Exports play a pivot role in contributing towards foreign exchange reserves so the government ensures that exports are not burdened with domestic tax laws and exporters are provided with incentives and refunds. However, it is quite disheartening that getting refunds sanctioned from the Government is a tedious task. The revenue authorities are reluctant to sanction refunds easily. Therefore, the assessee is forced to knock the door of Courts to seek relief. One such case was reported by the hon’ble Bombay High Court in the case of JAR PRODUCTIONS PVT. LTD. V/S UNION OF INDIA. The decision imparted in this case is the subject matter of discussion of our present update.
The petitioner is a company incorporated under the Companies Act, 2013 and is engaged in providing production services to company located in U.K. i.e. ASCL. The petitioner entered into an agreement dated 12.09.2019 which was effective from 28.03.2018. Furthermore, clause 4.10 of the Agreement, provides that if the refund is sanctioned, the amount shall be reduced from the production expenses while computing the consideration of production service. For providing the said services, the petitioner utilised various inputs and input services. The petitioner therefore applied for refund which was rejected by the revenue department on the ground that incidence of tax has been passed to the client thereby resulting into unjust enrichment.
The Appellate Authority held that refund cannot be granted since the petitioner is not beneficiary and it tantamount to unjust enrichment. Reliance was placed on the decision of Apex Court in the case of Mafatlal Industries V/s Union of India. The petitioner thereafter preferred a Writ Petition in this Court.
The Counsel of petitioner argued that the principle of unjust enrichment is not applicable in the case of export of services. In the present case, it is a zero-rated supply and unjust enrichment is not applicable. Furthermore, clause 4.10 of the agreement is also in support of the fact that refund received shall be deducted from expenses of production.
The Counsel of revenue argued that the petitioner admitted that it is a case of unjust enrichment and the credit notes will nullify the effect of the same. Further, it was submitted that the GST Law does not prescribes any mechanism for paying back the GST by way for issuance of credit notes.

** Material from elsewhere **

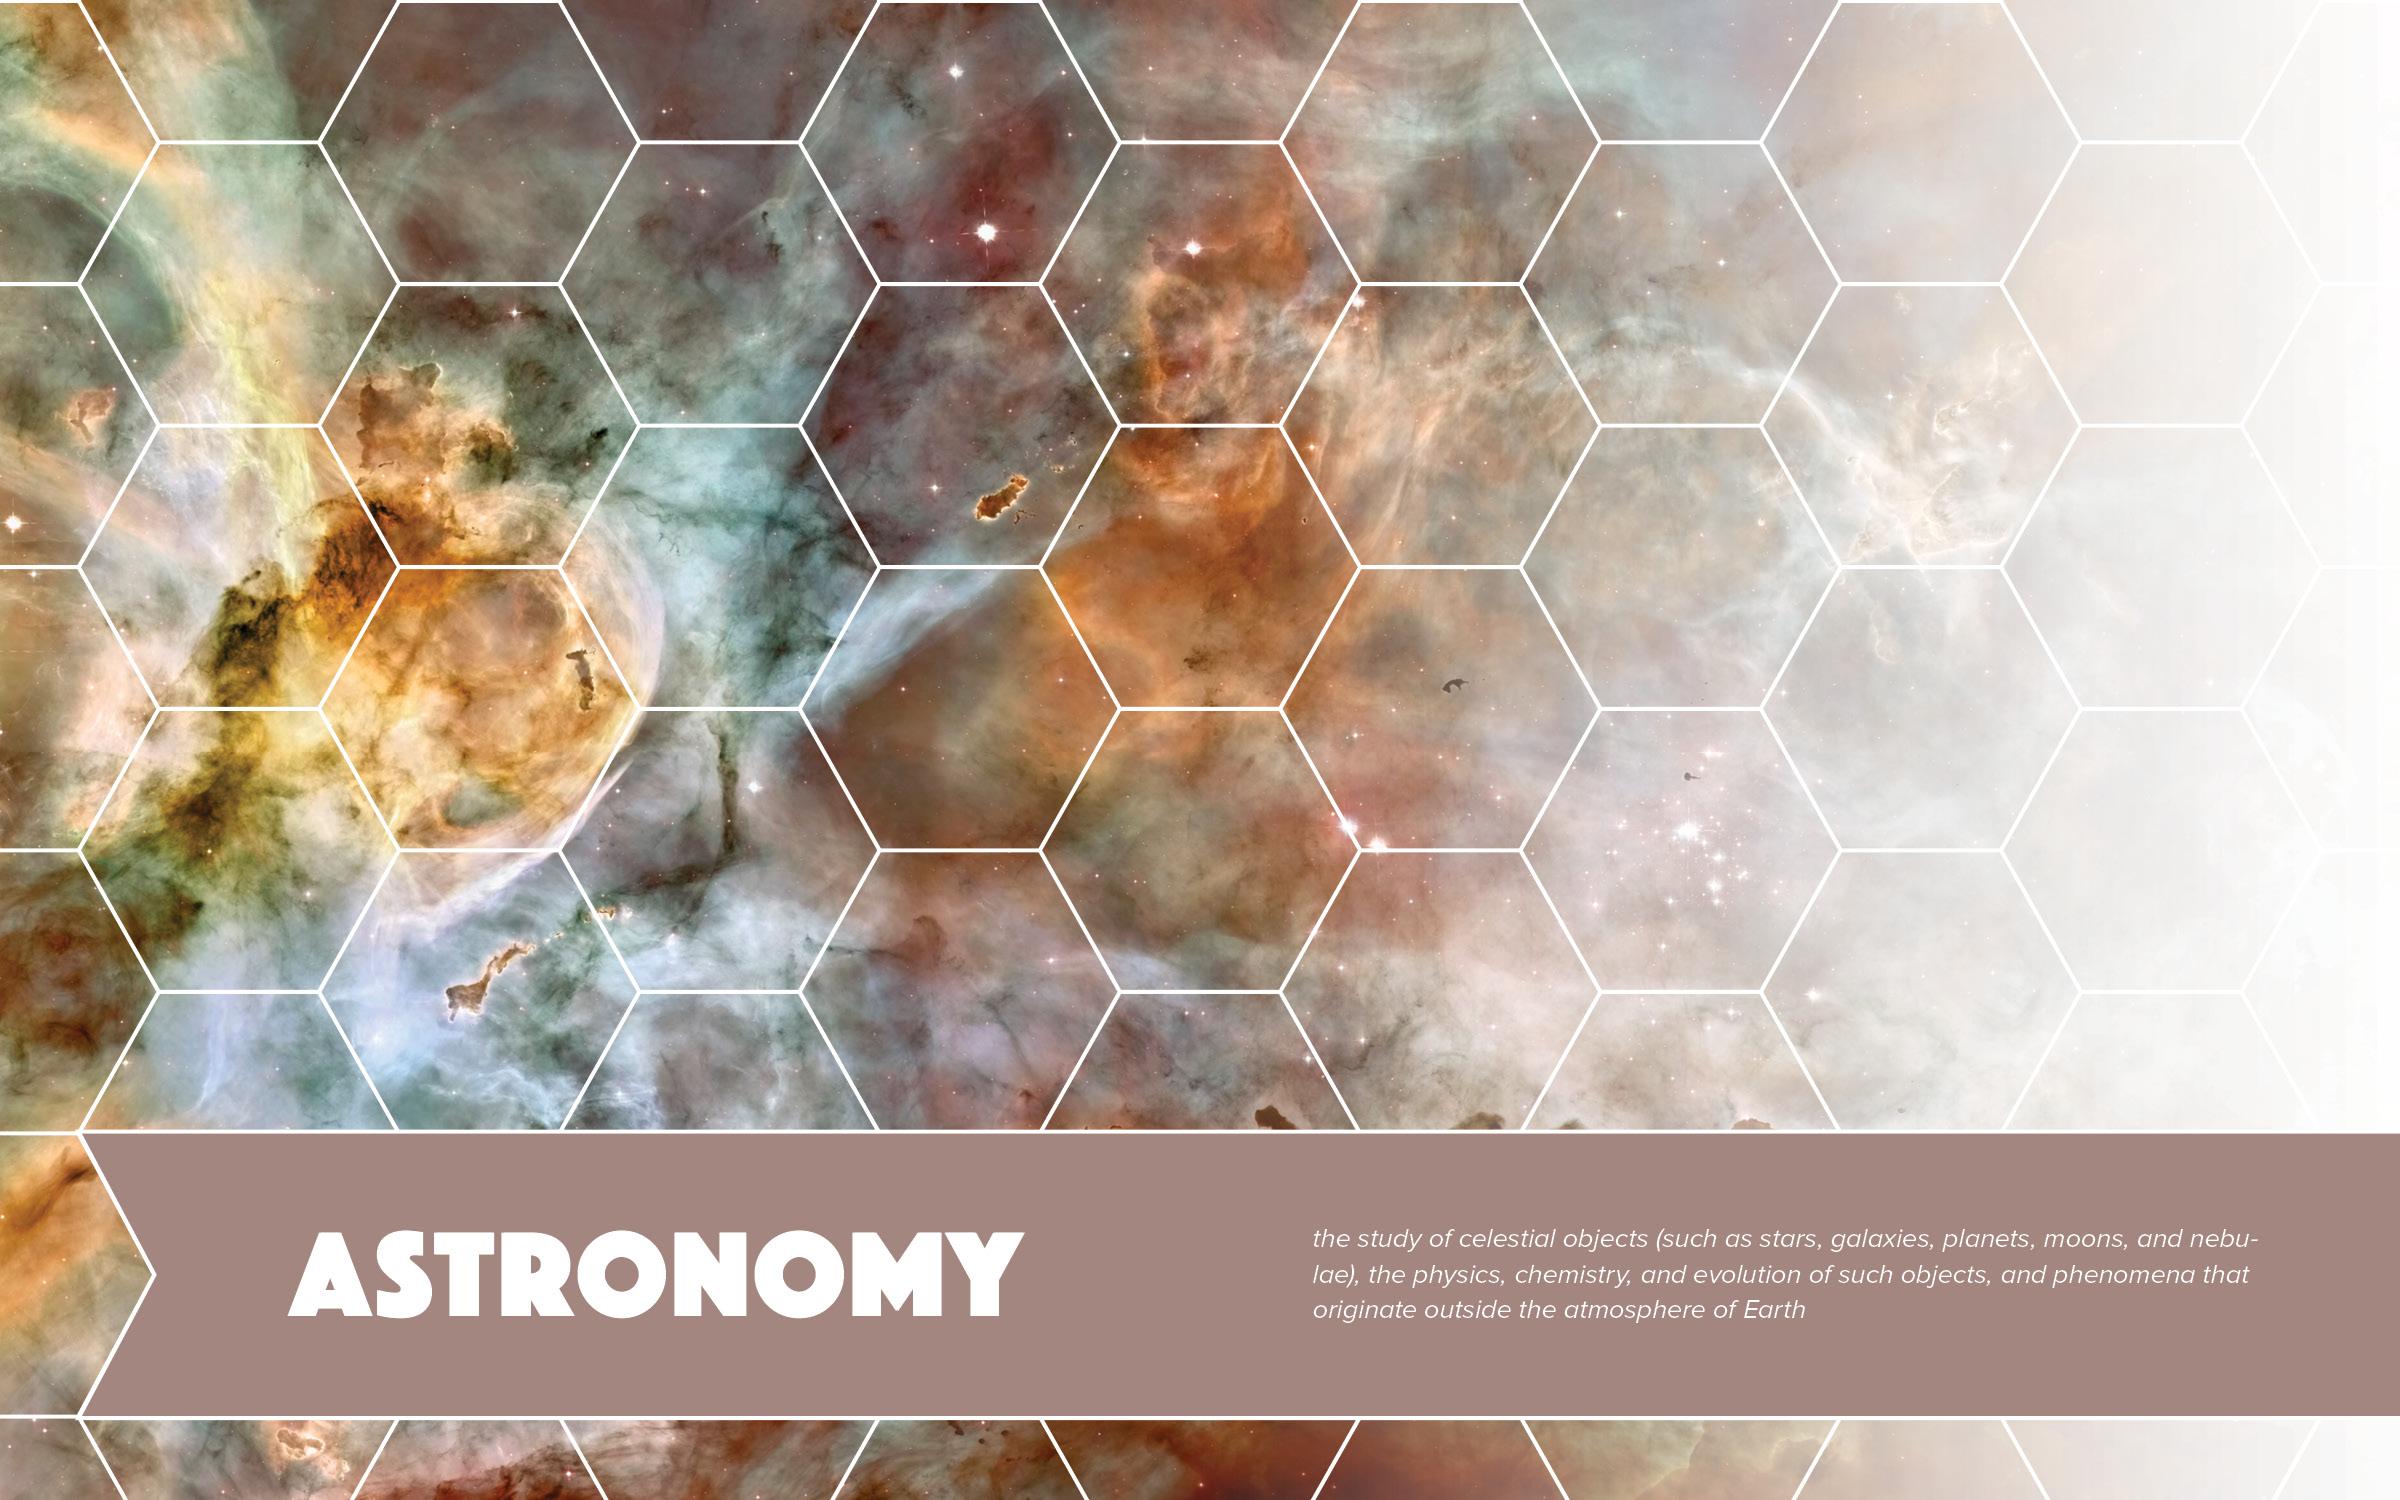 Astronomy.jpg

The Court held that the present case is related to export of service u/s 2 of IGST Act, 2017, the refund of which shall be granted as per Section 54 of CGST Act, 2017 being a zero-rate supply. The agreement executed includes all cost related to production service including the amount of GST. This reflects the fact that the incidence of tax has not been passed to the recipient. It was held that the alternative argument cannot be treated as admission. Reference was made to the decision of MOTILAL OSWAL SECURITIES LTD V/S COMMISSIONER OF SERVICE TAX. Furthermore, it was stated since the present case is related to export of service, GST shall not be applicable. Therefore, it was held that the adjudicating authority and the appellate authority erred in rejecting the refund claim of the taxpayer.
The above decision is favourable for the exporters for passing the hurdle of unjust enrichment. It is settled principle of law that in case of exports, the incidence of tax is not passed on to the recipient and so the question of applying the principle of unjust enrichment for granting refund does not arise at all.